On Thu, May 29, 2014 at 5:39 PM, Heikki Linnakangas
<hlinnakangas@vmware.com> wrote:
> On 05/29/2014 11:34 PM, Claudio Freire wrote:
>>
>> On Thu, May 29, 2014 at 5:23 PM, Heikki Linnakangas
>> <hlinnakangas@vmware.com> wrote:
>>>
>>> On 05/29/2014 04:12 PM, John Lumby wrote:
>>>>
>>>>
>>>>> On 05/28/2014 11:52 PM, John Lumby wrote:
>>>>>
>>>>> The patch seems to assume that you can put the aiocb struct in shared
>>>>> memory, initiate an asynchronous I/O request from one process, and wait
>>>>> for its completion from another process. I'm pretty surprised if that
>>>>> works on any platform.
>>>>
>>>>
>>>> It works on linux.
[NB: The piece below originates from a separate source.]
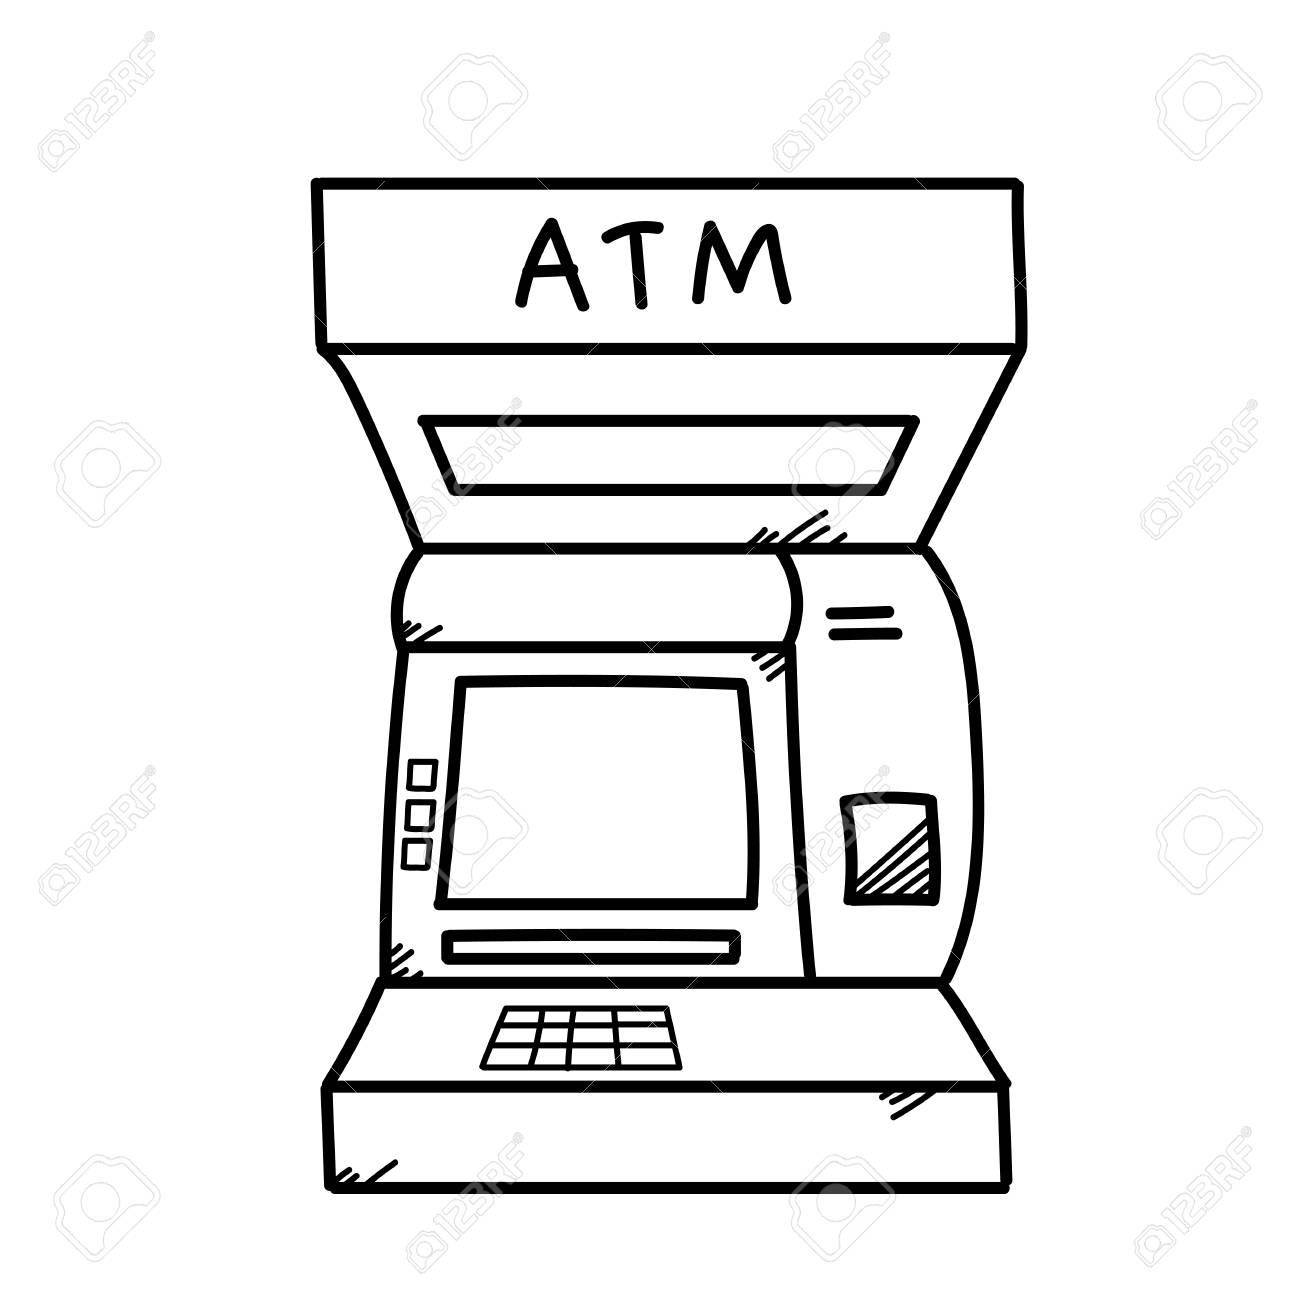 atm India automated teller machine clip art cliparts jpg - Clipartix

Actually this ability allows the asyncio
>>>> implementation to
>>>> reduce complexity in one respect (yes I know it looks complex enough) :
>>>> it makes waiting for completion of an in-progress IO simpler than for
>>>> the existing synchronous IO case,. since librt takes care of the
>>>> waiting.
>>>> specifically, no need for extra wait-for-io control blocks
>>>> such as in bufmgr's WaitIO()
>>>
>>>
>>> [checks]. No, it doesn't work. See attached test program.
>>>
>>> It kinda seems to work sometimes, because of the way it's implemented in
>>> glibc. The aiocb struct has a field for the result value and errno, and
>>> when
>>> the I/O is finished, the worker thread fills them in. aio_error() and
>>> aio_return() just return the values of those fields, so calling
>>> aio_error()
>>> or aio_return() do in fact happen to work from a different process.
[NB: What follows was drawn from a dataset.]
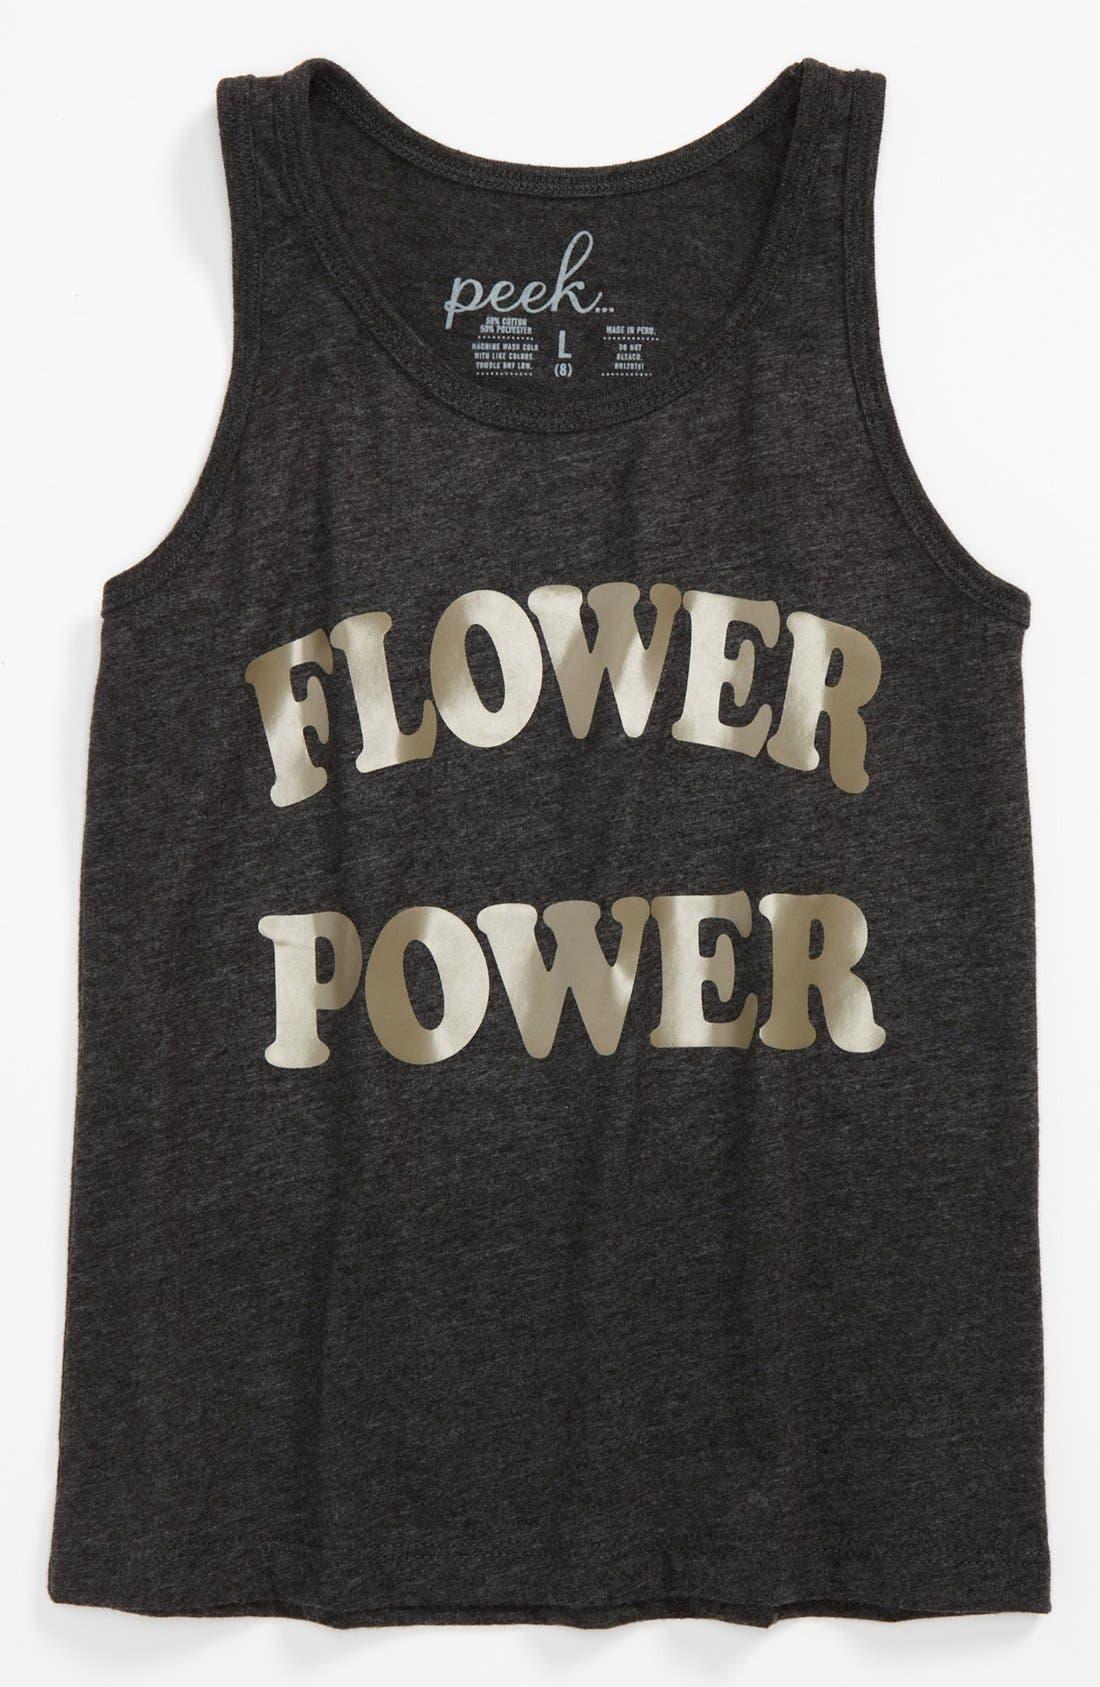 Alternate Image 1 Selected - Peek 'Flower Power' Tank Top (Toddler, Little Girls & Big Girls)

>>> aio_suspend(), however, is implemented by sleeping on a process-local
>>> mutex,
>>> which does not work from a different process.
>>>
>>> Even if it worked on Linux today, it would be a bad idea to rely on it
>>> from
>>> a portability point of view. No, the only sane way to make this work is
>>> that
>>> the process that initiates an I/O request is responsible for completing
>>> it.
>>> If another process needs to wait for an async I/O to complete, we must
>>> use
>>> some other means to do the waiting. Like the io_in_progress_lock that we
>>> already have, for the same purpose.
>>
>>
>> But calls to it are timeouted by 10us, effectively turning the thing
>> into polling mode.
>
>
> We don't want polling... And even if we did, calling aio_suspend() in a way
> that's known to be broken, in a loop, is a pretty crappy way of polling.
Didn't fix that, but the attached patch does fix regression tests when
scanning over index types other than btree (was invoking elog when the
index am didn't have ampeeknexttuple)